Retype each line below precisely and omit all images.

---------- Data provided ----------

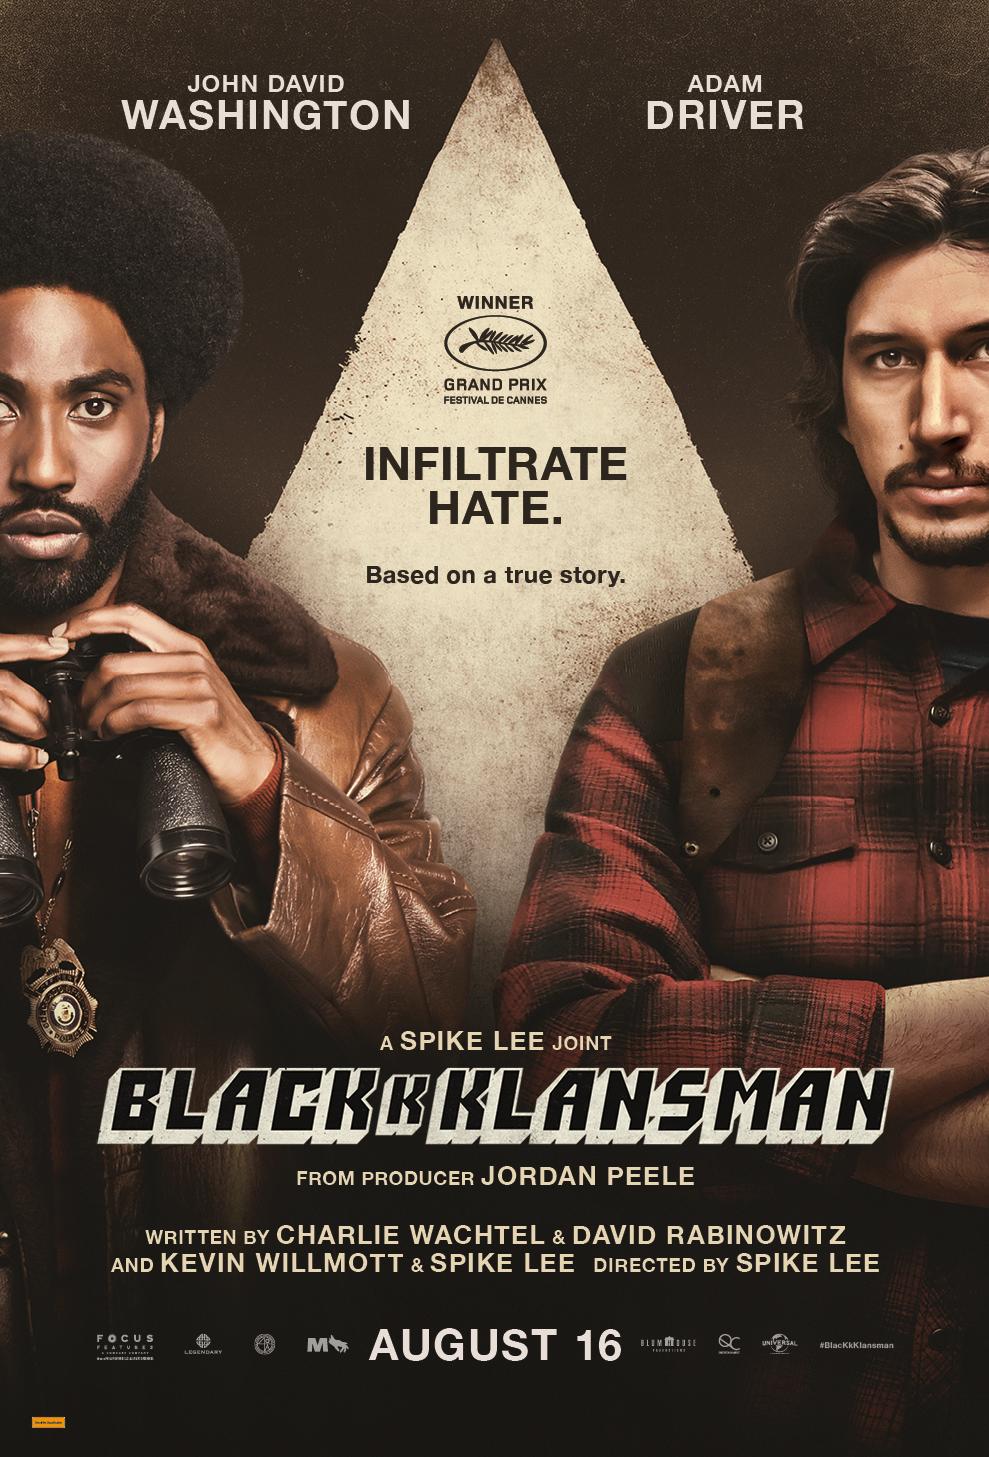 BLACKKKLANSMAN is SPIKE LEE in EPIC FORM
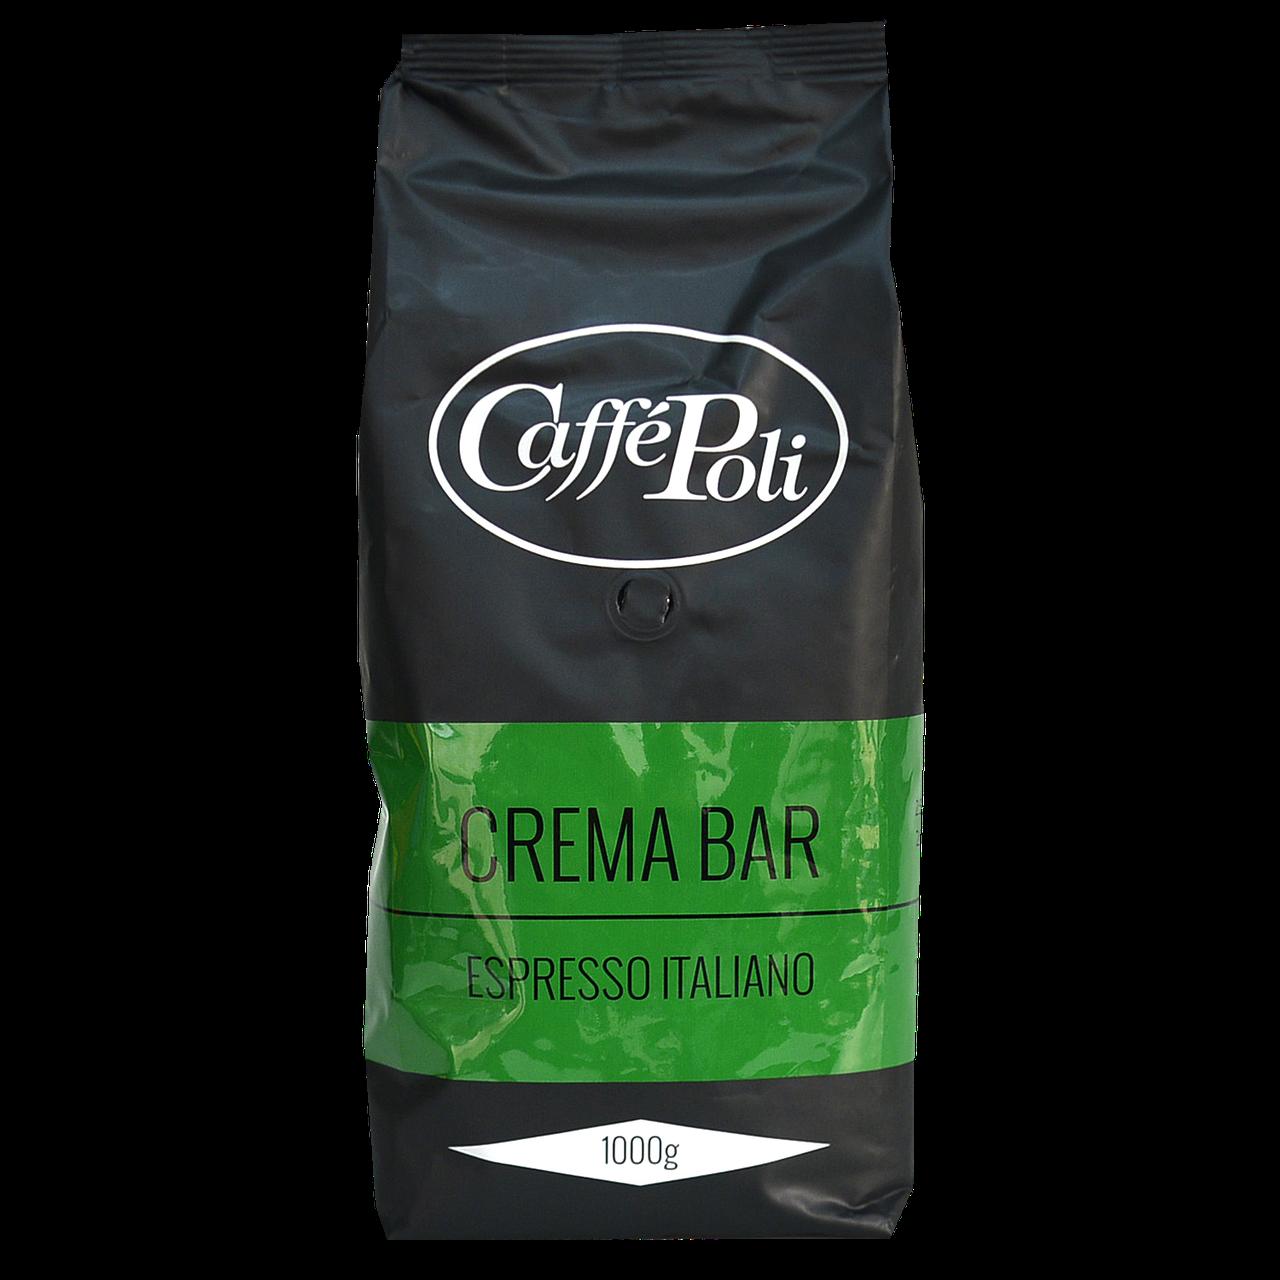 Кофе в зернах Caffe Poli Crema Bar 1кг 35/65
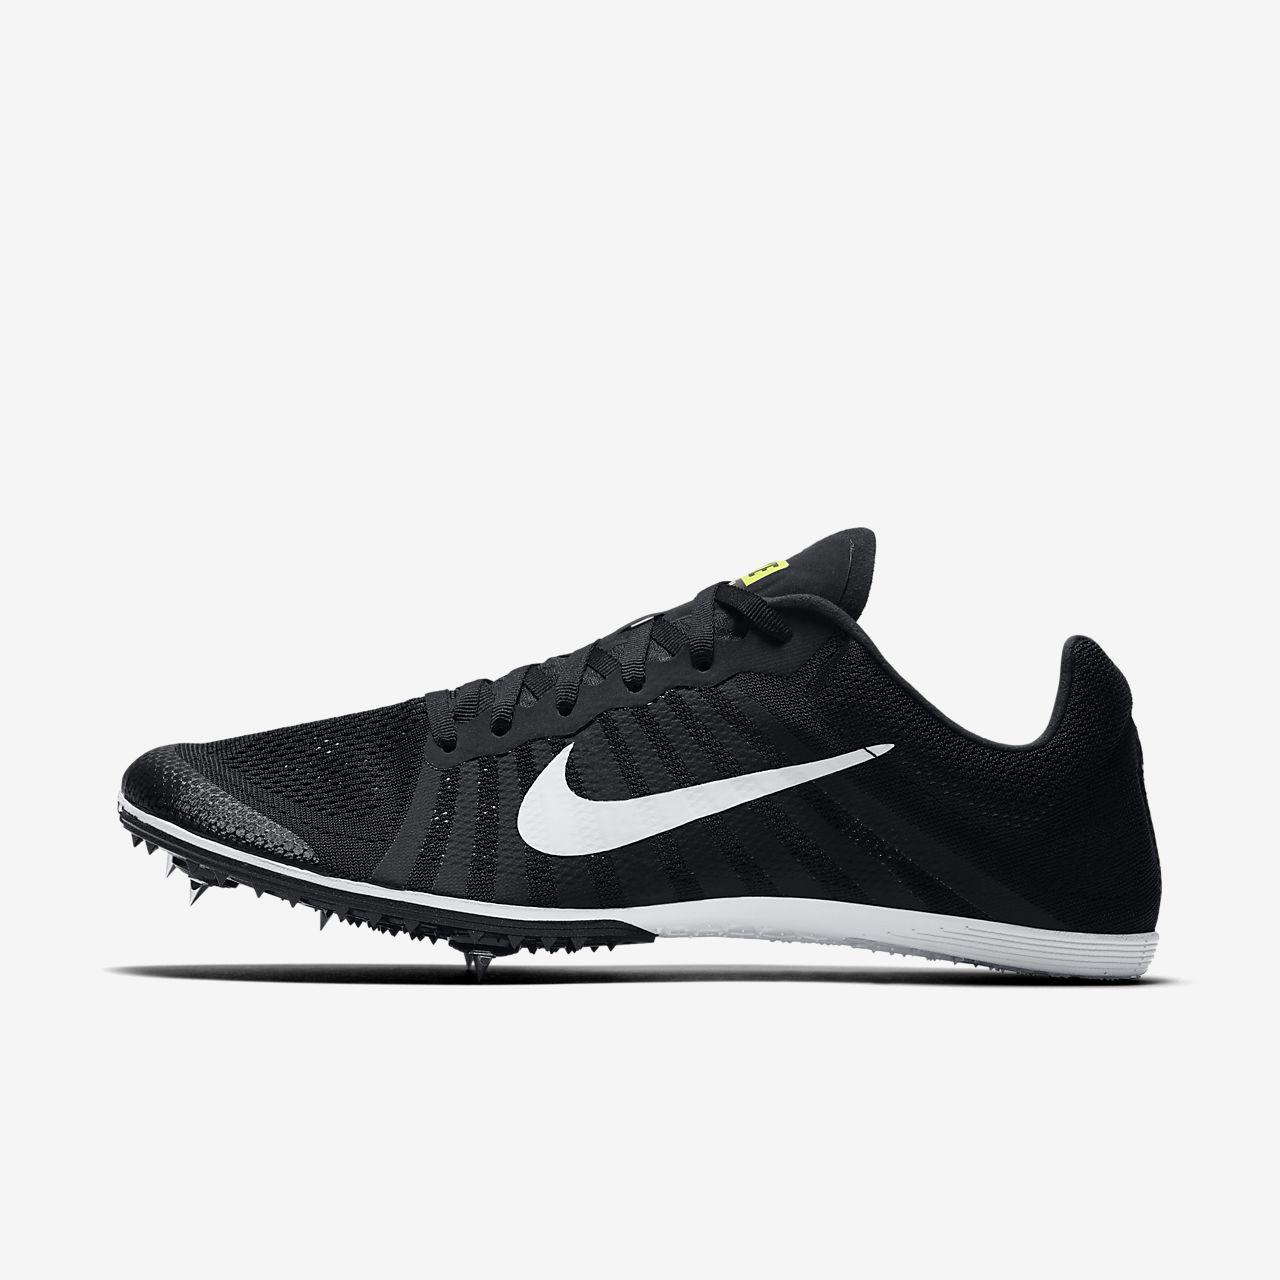 652e536cdfbbd5 Nike Zoom D Unisex Distance Spike. Nike.com BE
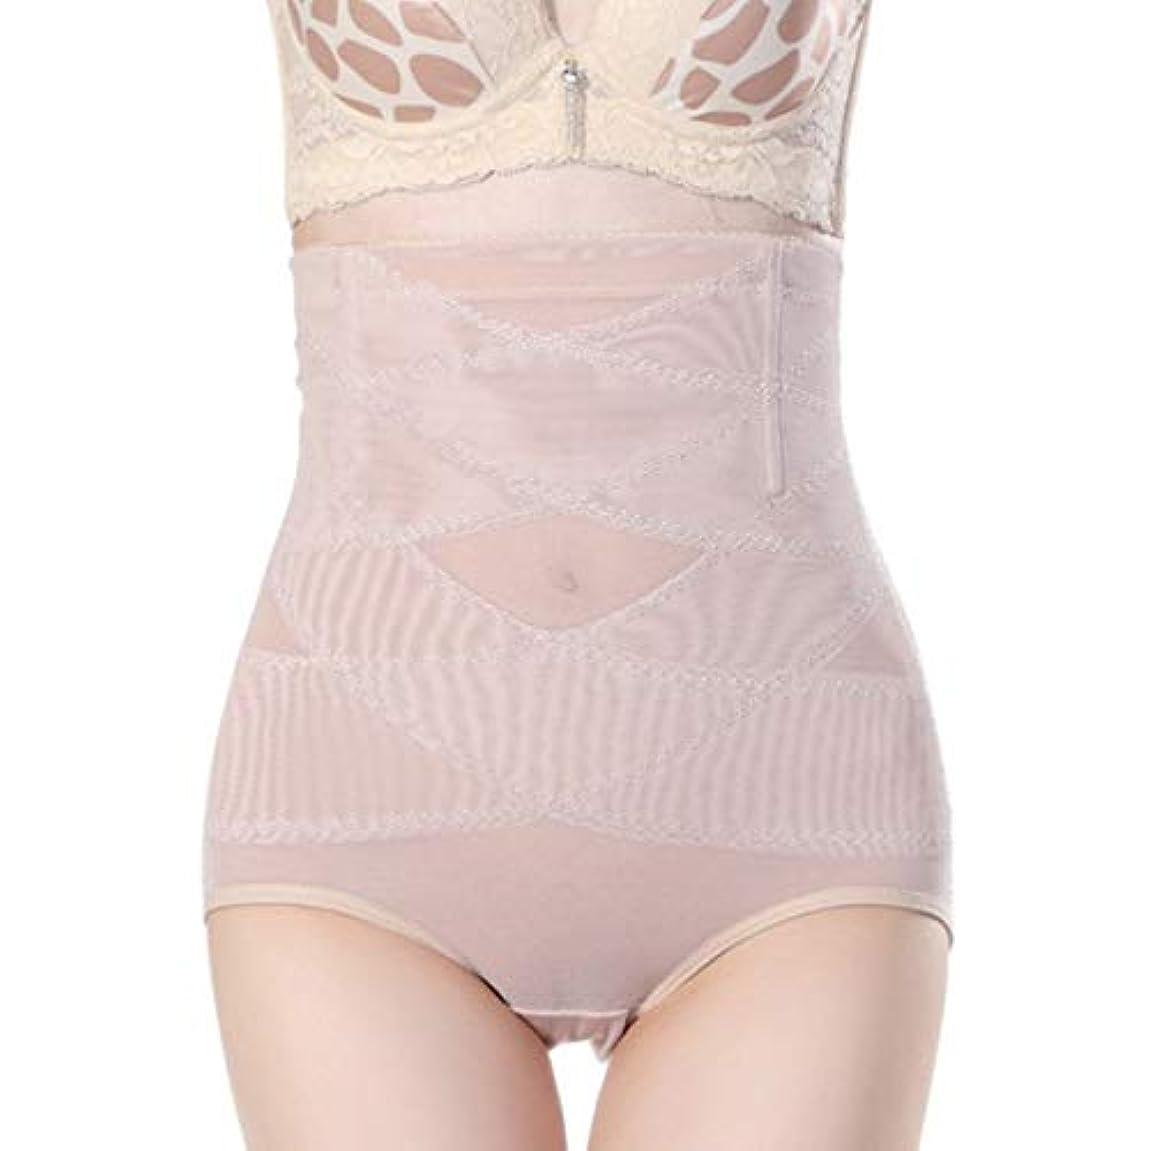 鋸歯状産地クレジット腹部制御下着シームレスおなかコントロールパンティーバットリフターボディシェイパーを痩身通気性のハイウエストの女性 - 肌色2 XL
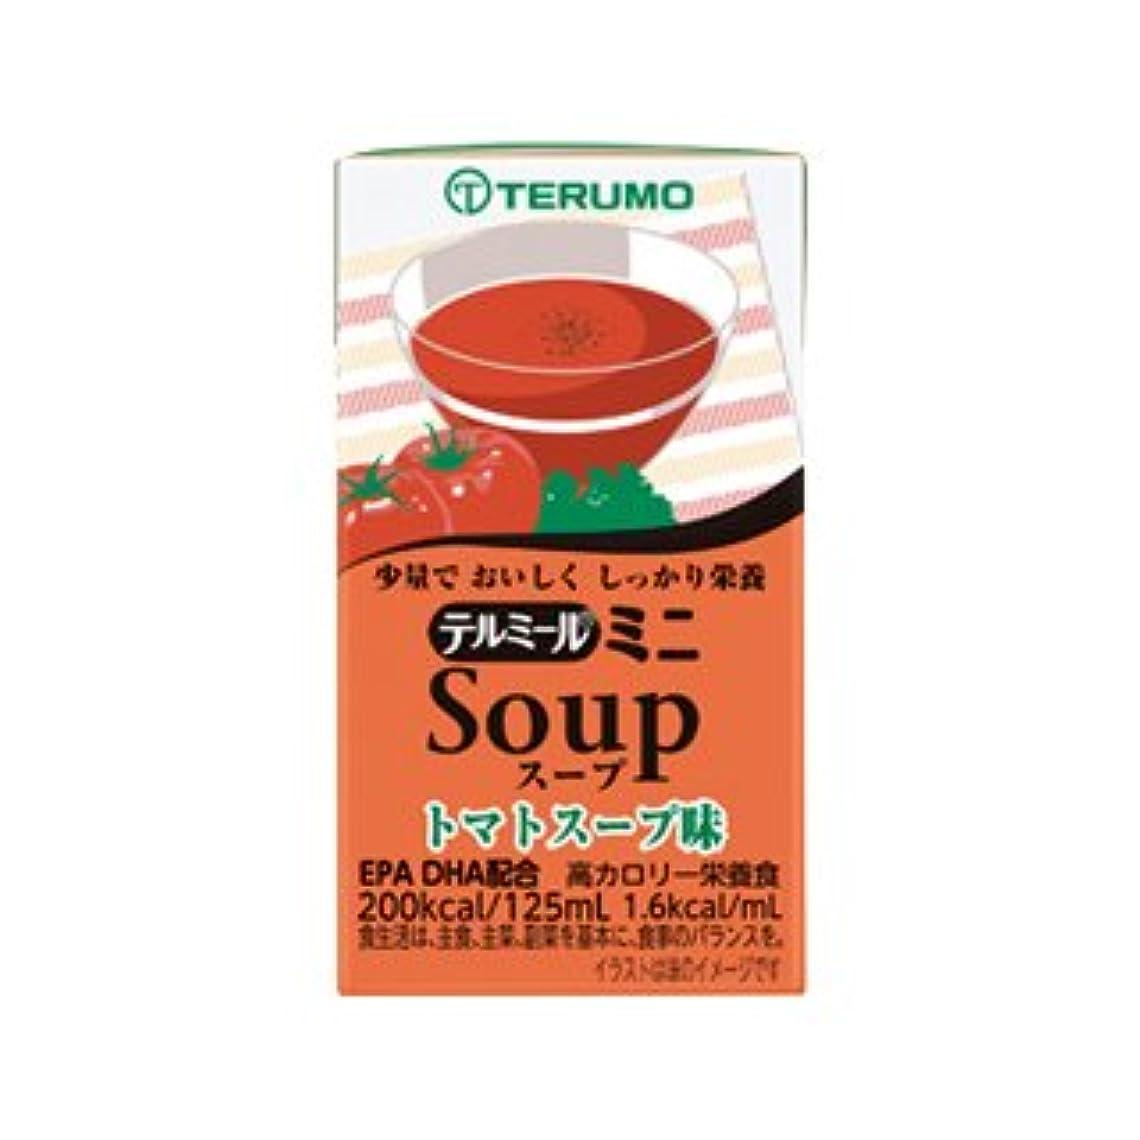 フルーツ野菜主導権ブレイズテルミールミニSoup トマトスープ味 125ml 24個入

----------

Answer space:
 BLACKKKLANSMAN is SPIKE LEE in EPIC FORM
 Кофе в зернах Caffe Poli Crema Bar 1кг 35/65
 652e536cdfbbd5 Nike Zoom D Unisex Distance Spike. Nike.com BE
 鋸歯状産地クレジット腹部制御下着シームレスおなかコントロールパンティーバットリフターボディシェイパーを痩身通気性のハイウエストの女性 - 肌色2 XL
 フルーツ野菜主導権ブレイズテルミールミニSoup トマトスープ味 125ml 24個入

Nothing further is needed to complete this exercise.